IMAC 2009, Starting Line For Touch and Go Components And Materials Industry?
Materials and components create new products and new markets for their own sake. Take a touch phone for example. Materials and components used in the magic phone that functions at your finger's touch are a detriment to creating a new market that pushes back existing non-touch phones. It is amazing to know that materials and components take 40% of the whole manufacturing process in terms of employment and production. We can say that the growth and competitiveness of end products largely depend on how strong materials and components are. If there is no advancement in those fields, there is no self-reliant economy. Now is the time we should review the whole spectrum related with the materials and components. Displays, cell phone devices, semiconductors, the auto and green industries, and a new growth engine are in the spectrum.
Here again we must recount what Gomuro Naoka, a prominent economic analyst, said when he derided the Korean economy in his book titled The Collapse of Korea. He criticized in this way: the structure of Korean economy is like a Kamauji repeating up and down in rivers to catch fish with its neck lashed by the owner. What he meant was this: the more Korea manufactures products, the more gain Japan gets simply because Korea has no strong materials and components industry.
In the late 1980s, Korea raked in a mountain of dollars thanks to the golden period of the Three Low Costs representing low interest, low oil prices, and a low or weak dollar. But since Korea was so dependent on importing components and materials from Japan, large portions of the revenue Korea made were destined to go into the hands of Japanese exporters. It was like Korean workers sweated under the baking sun and the fruit went to the Japanese who stayed in the shade of the trees. What a cynical epithet.

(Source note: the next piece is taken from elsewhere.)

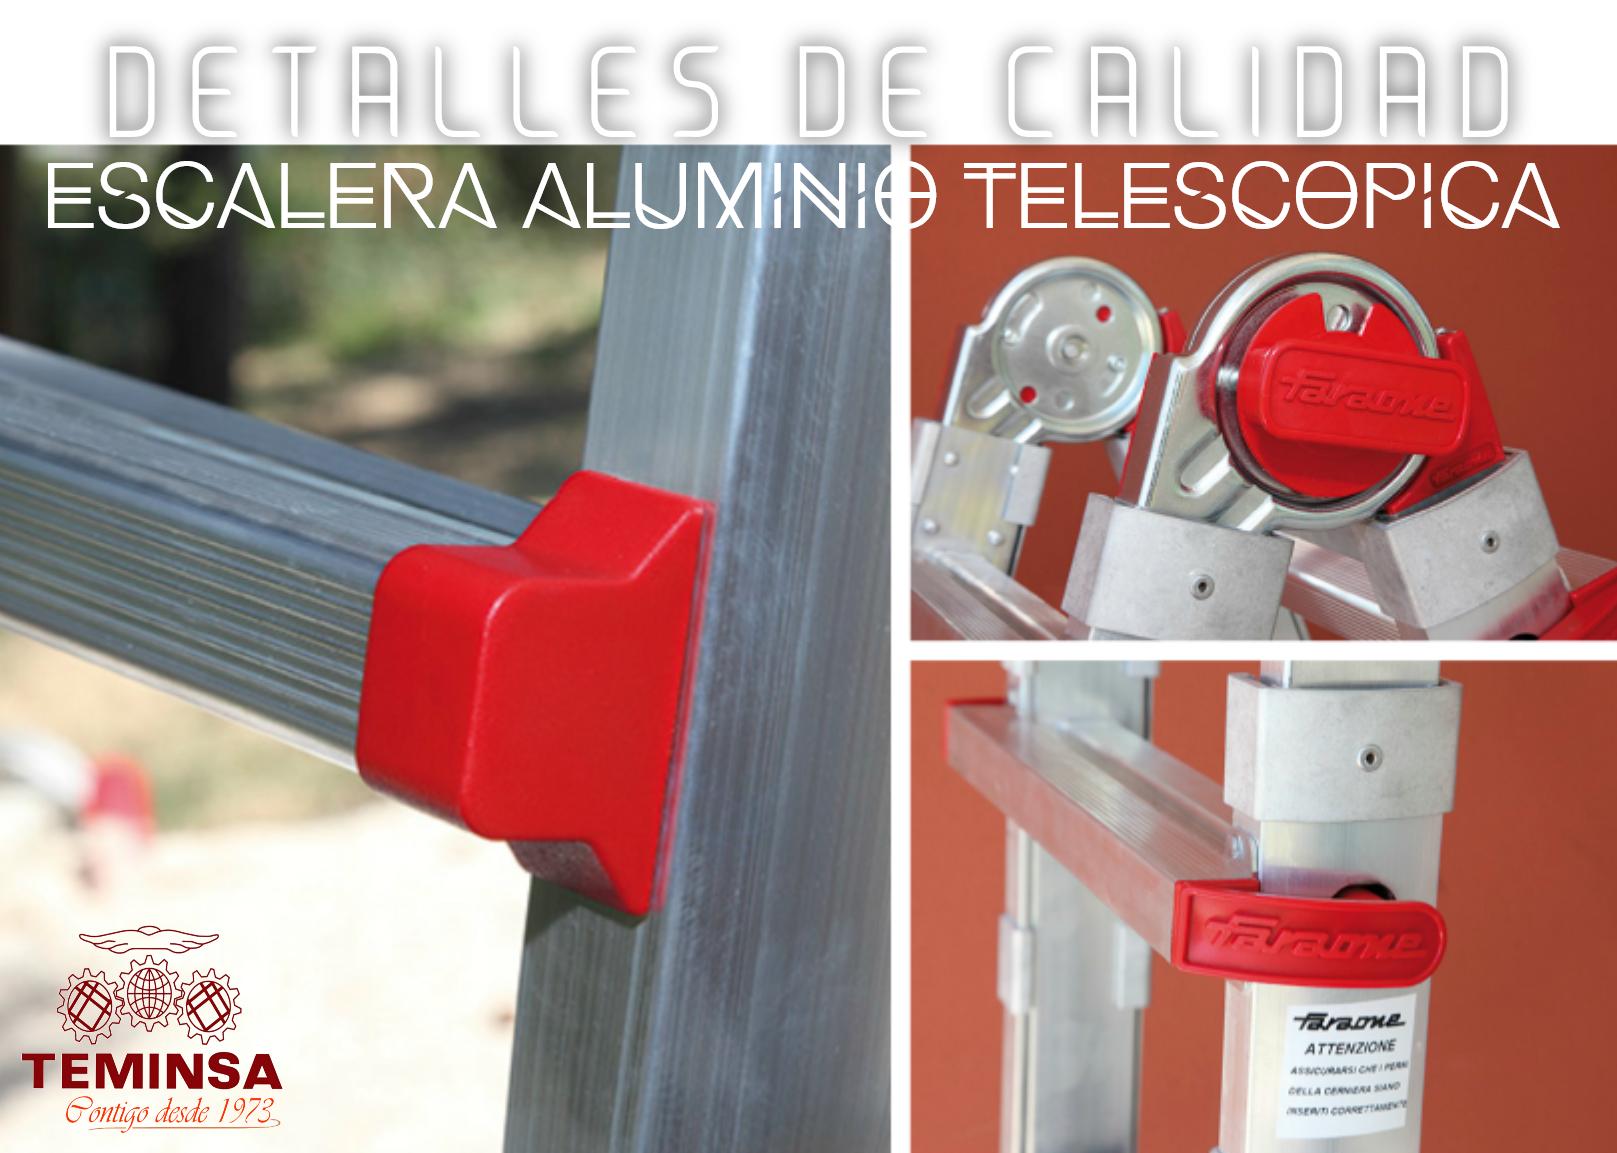 Escalera Aluminio Telescópica Detalles de Calidad
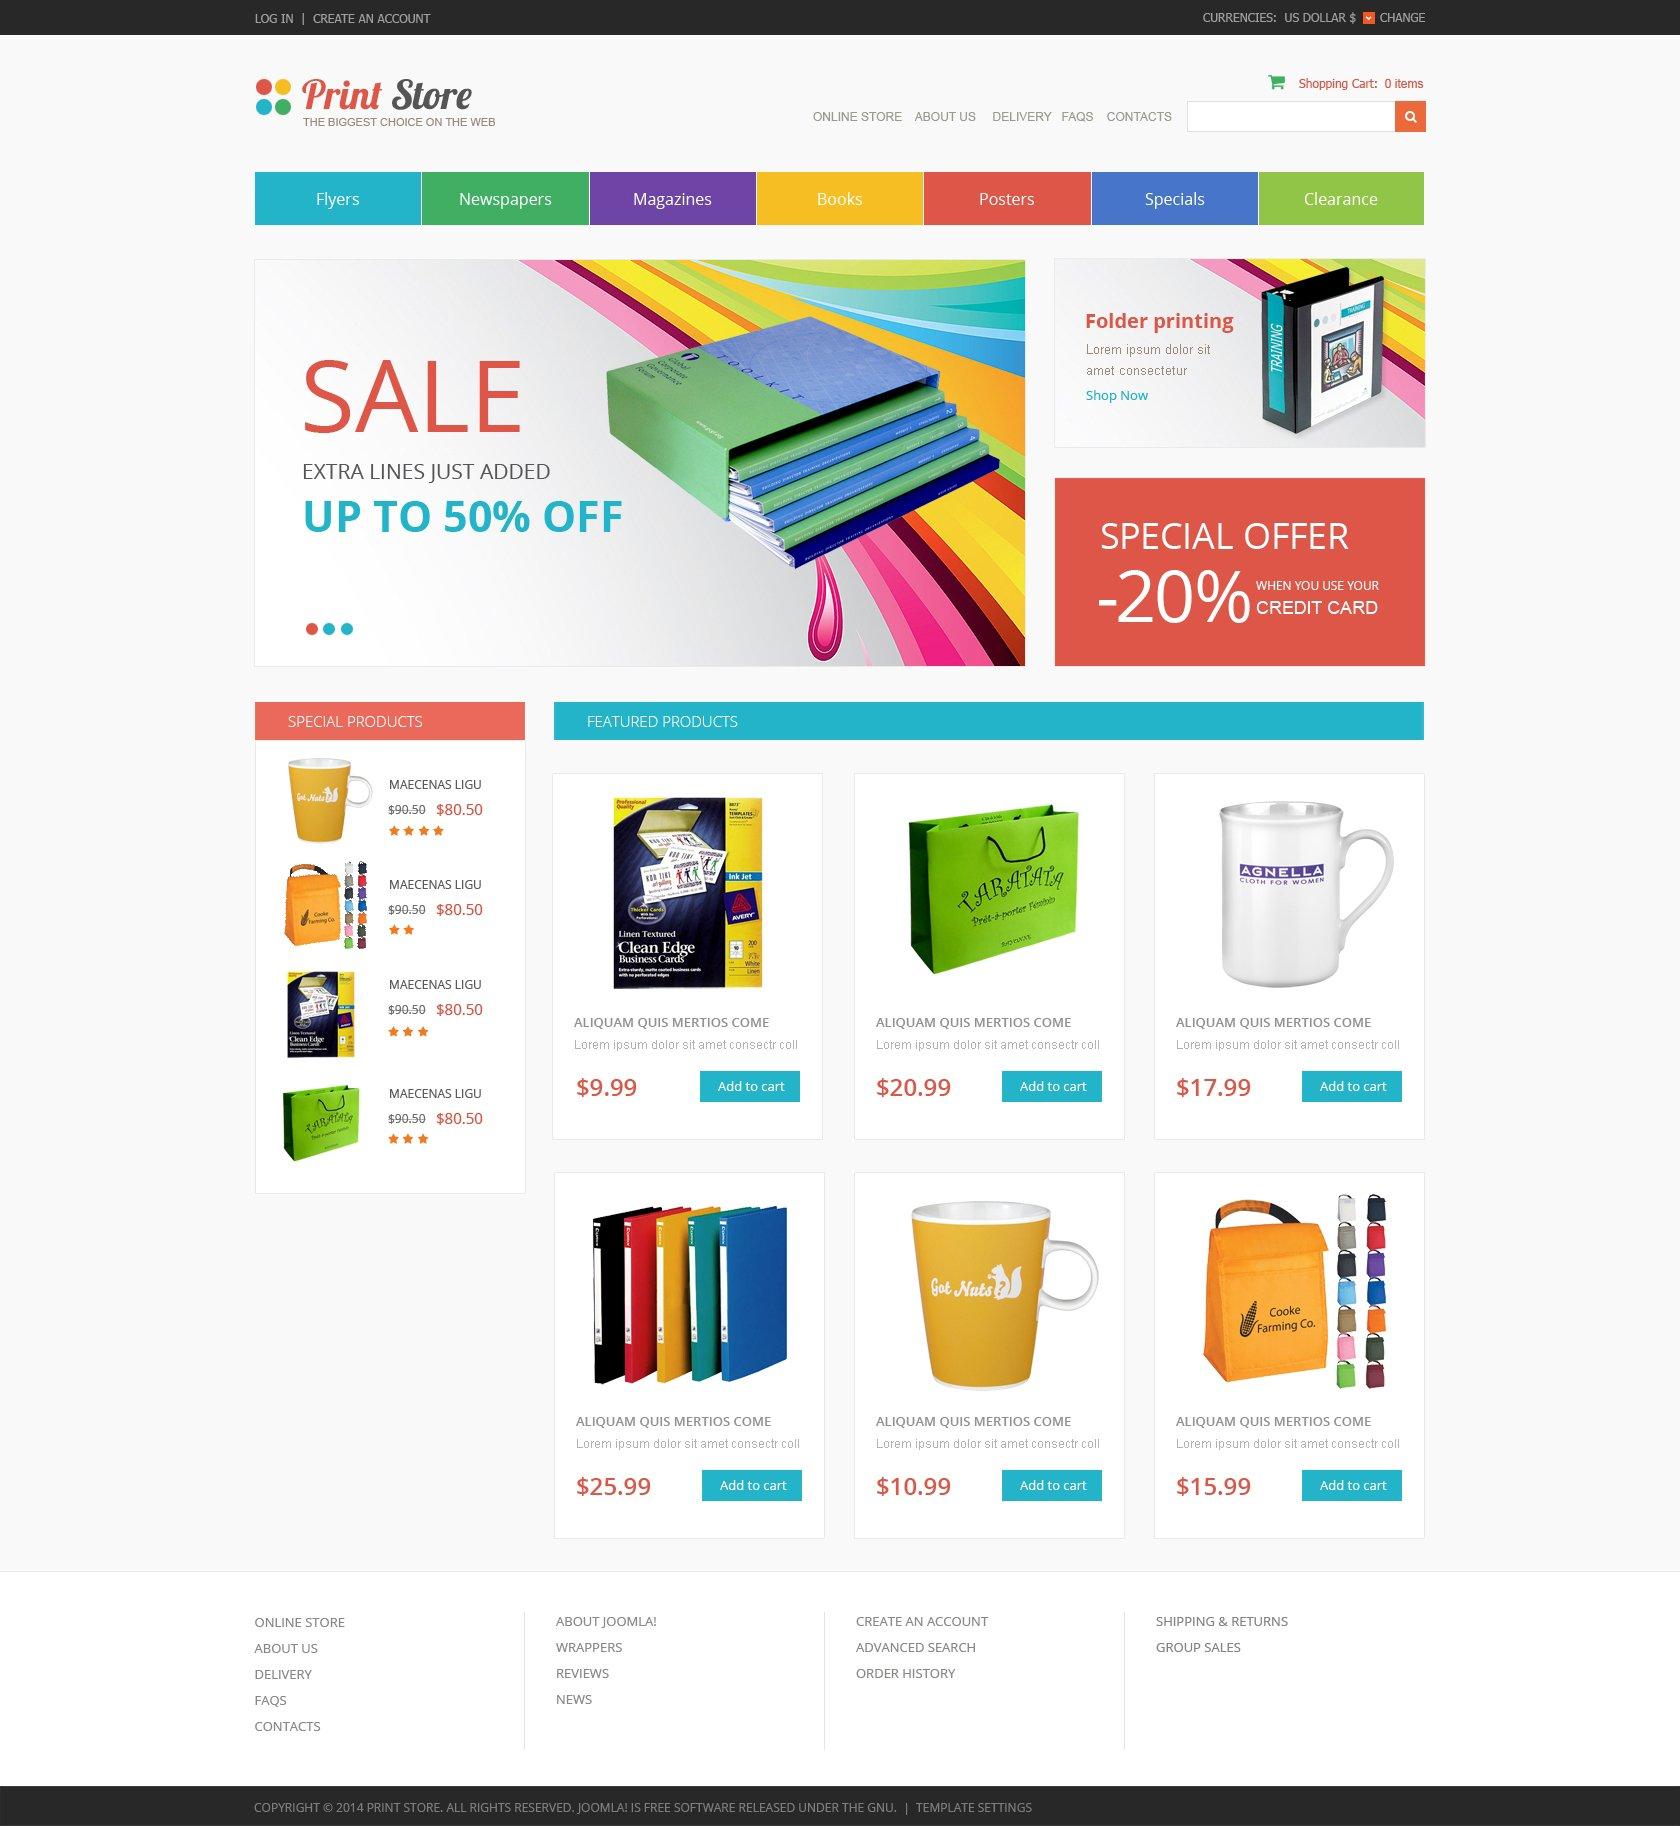 print store virtuemart template 49326. Black Bedroom Furniture Sets. Home Design Ideas

Ten years later, Omae Genichi, a world famous economist, once again harshly hit the head of the Korean materials and components industry. He said that the most important backbone propping up trade revenue is the components industry. But Korea fell far behind in it. She did not boost the industry. As a result, the whole economy still stays in mud, only watching the fluctuation of the exchange rate. When the exchange rate with dollars is high, it sighs. That is the status quo of the Korean economy.
Have we seen any change since the two cynics hit Korea? We cannot say we have changed. It is true that the dependence on Japan to some degree has grown less deep. According to statistics released by the Ministry of Knowledge Economy, the import ratio from Japan lowered from 27.4 percent in 1999 to 23.3 percent in 2008. For 20 years, the dependence ratio has dropped less than four percentage points. This means, as the two economists pointed out, that the more exports Korea produces, the more dependence it has on Japan in such fields as cell phones, displays and semiconductors.
But entering this year, a delegation of Japanese businessmen flew to Korea to buy components and materials as the yen rose in value. They signed various contracts worth US$300 million in an exhibition held in KINTEX, Koyang City. A Japanese participant said that the quality is getting close to Japan's. He added that Korea is strong in digital and IT industries, so they can use Korean products.
Recently, as Korean IT industries led the world market, Japanese money came to Korea to look for joint ventures in components. Five hundred fifty million dollars from Japan poured into components industrial complexes in Gumi, Pohang, Busan, Jinhae, and Iksan.
Experts point out that Korea should shift its interest from hardware to components and materials to change its economic structure. Korea suffers a US$20 billion to US$30 billion trade deficit with Japan. In order to reverse it, we have to have a long-term strategy to develop new science and technologies in materials and components so that we can get new property rights. If we do not find it, we will repeatedly hear Kamauji theories. And nobody wants that.